# Shitaki Mushroom wine



## Torch404 (Jun 22, 2010)

3 Cups coarsely chopped Dried Shitaki Mushrooms
1/2 cup freshly toasted sesame seeds
Poured boiling water over mushrooms and sesame seeds then let sit out covered over night.

Juiced one organic lemon and zested
2 tsp of yeast nutrient
1 cup of tea made with two jasmine tea bags
2 x 64 oz bottles of treetop 100% apple juice
2 cups sugar
1/2 cup raisins
Starting SG 1.060
Made starter with Lavin 1116 yeast

I was intending this to be a cooking wine which is why I shot for just under 8% ABV. It cleared quick and I had no issues with sesame oil which I thought I might.

After about a month I could clearly taste both sesame and shitaki. They were weaker then what I was hoping for but noticeable.
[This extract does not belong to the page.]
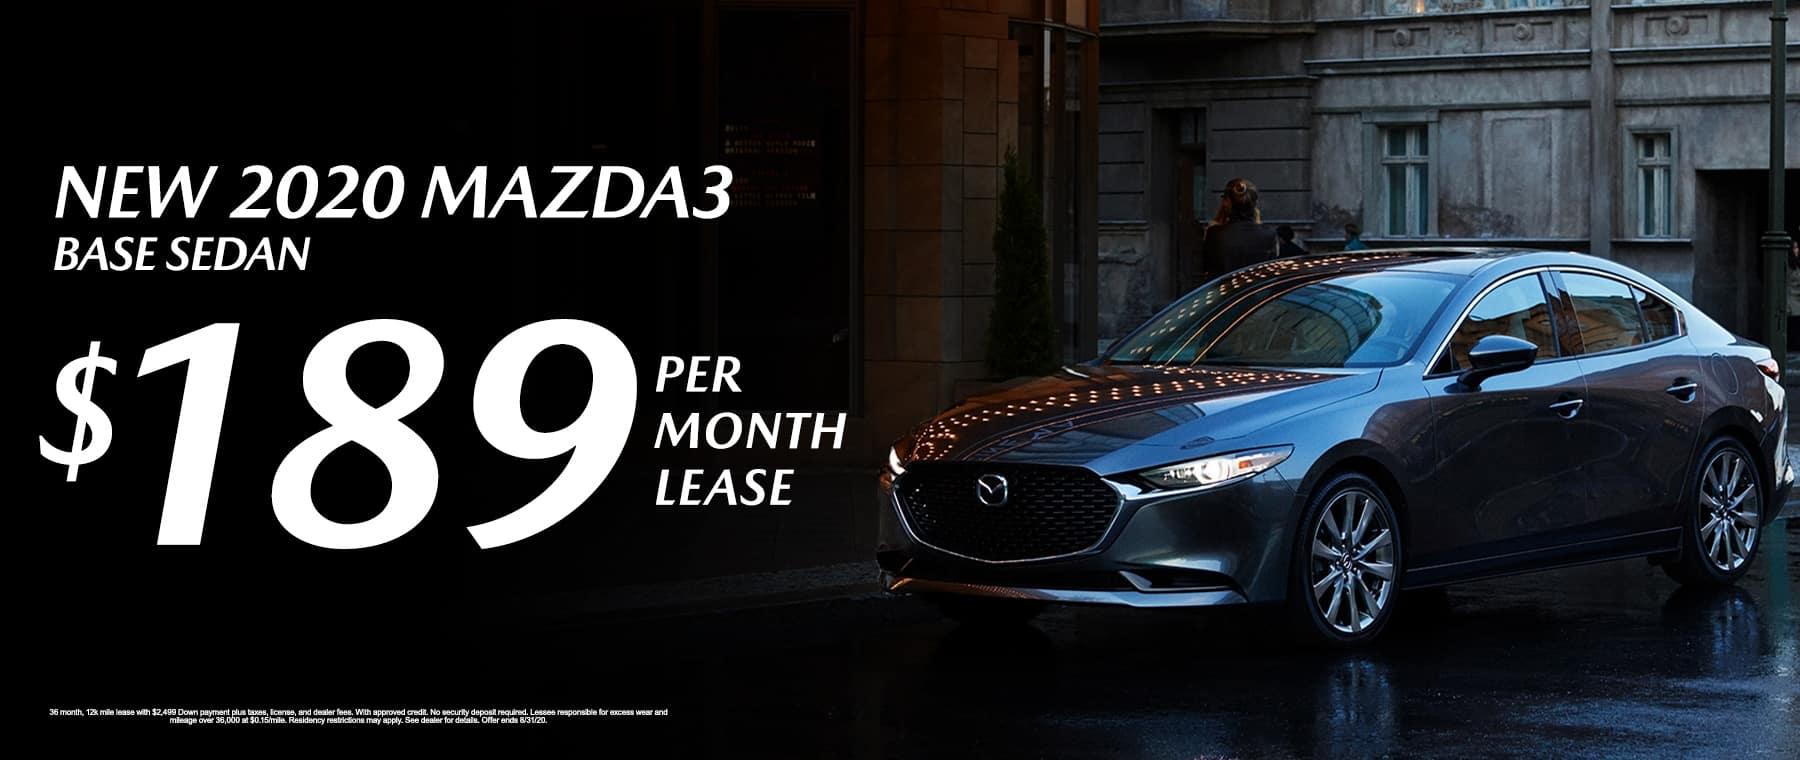 New 2020 Mazda3 Base Sedan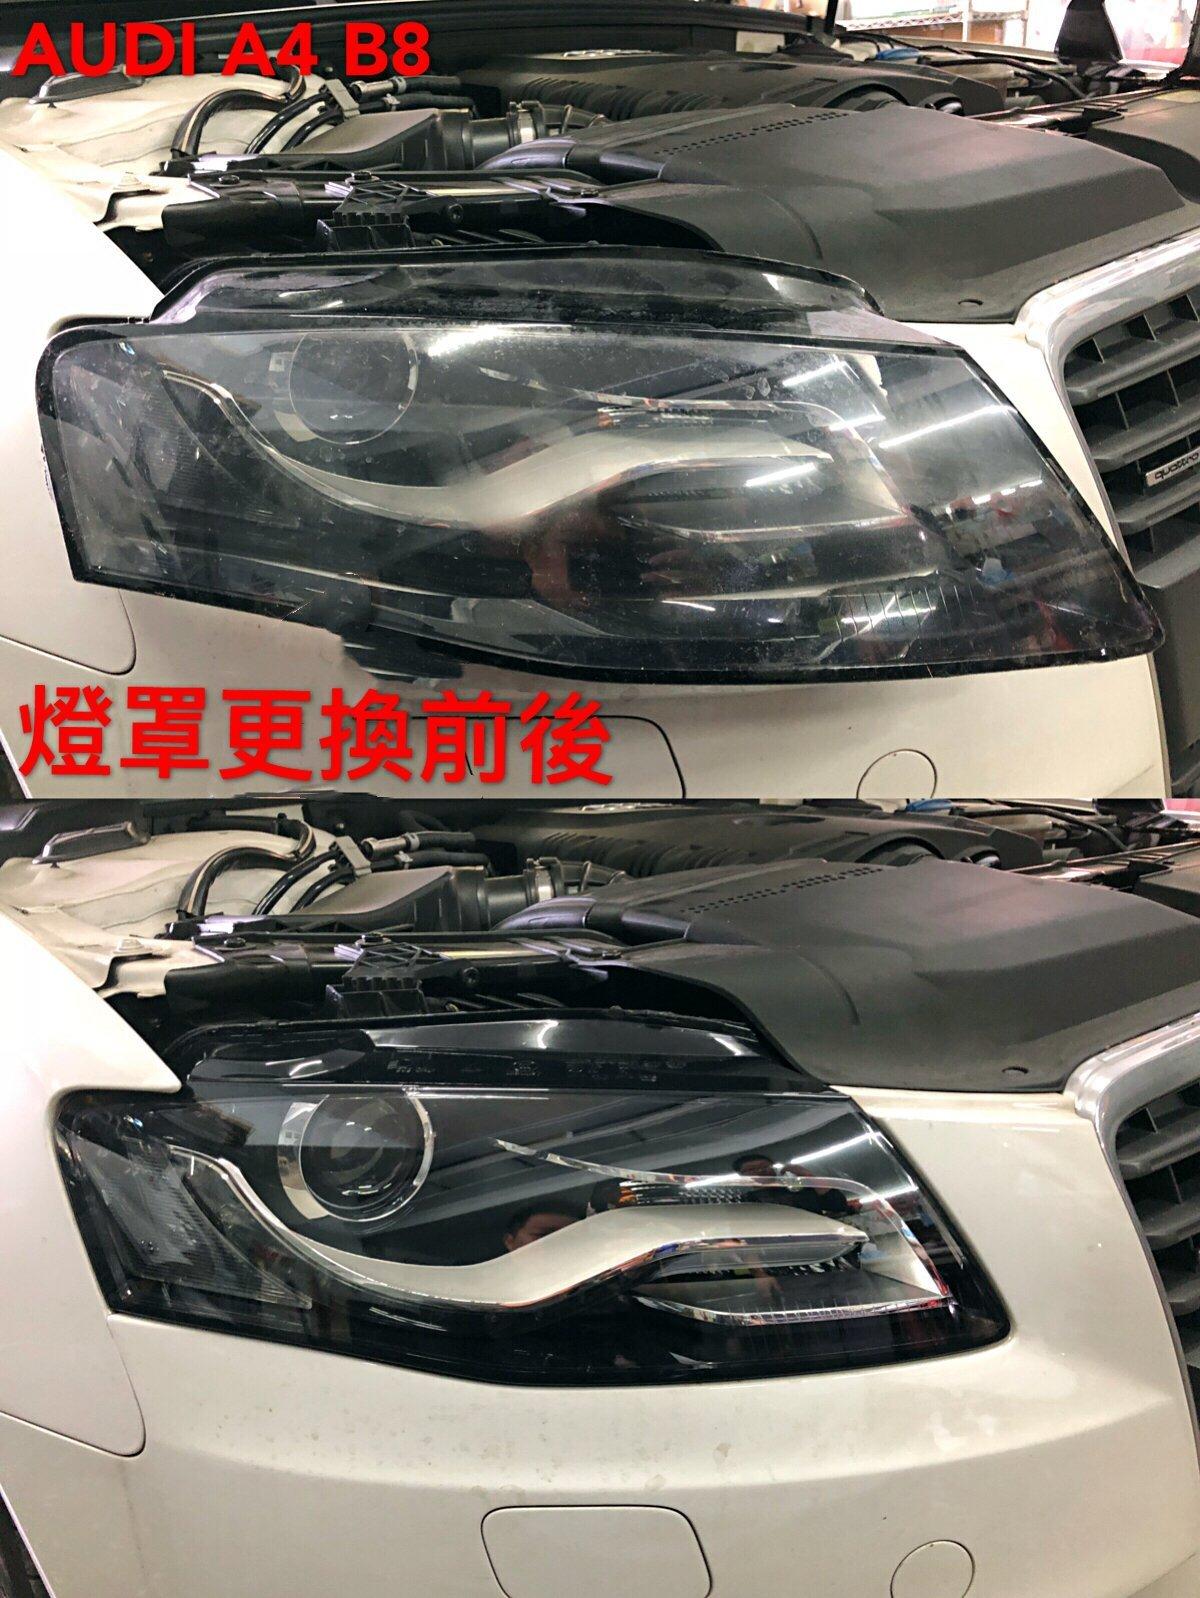 翔宸自動車 大燈鏡面更換工程 燈罩換新 非大燈拋光 奧迪 AUDI A4 B7 B8 B8.5 A5 C7

At two months the taste has completely changed. There is no shitaki or sesame flavor, my wife says she still detects a hint of shitaki. The flavor is very fruity only a hint of apple a very nice wine I wouldn't mind drinking. It tastes like some dessert wines with out being sweet. I will follow up as it ages.


----------



## nontimbomala (Jan 24, 2012)

*Follow up?*

Do you have any follow up on this wine yet?


----------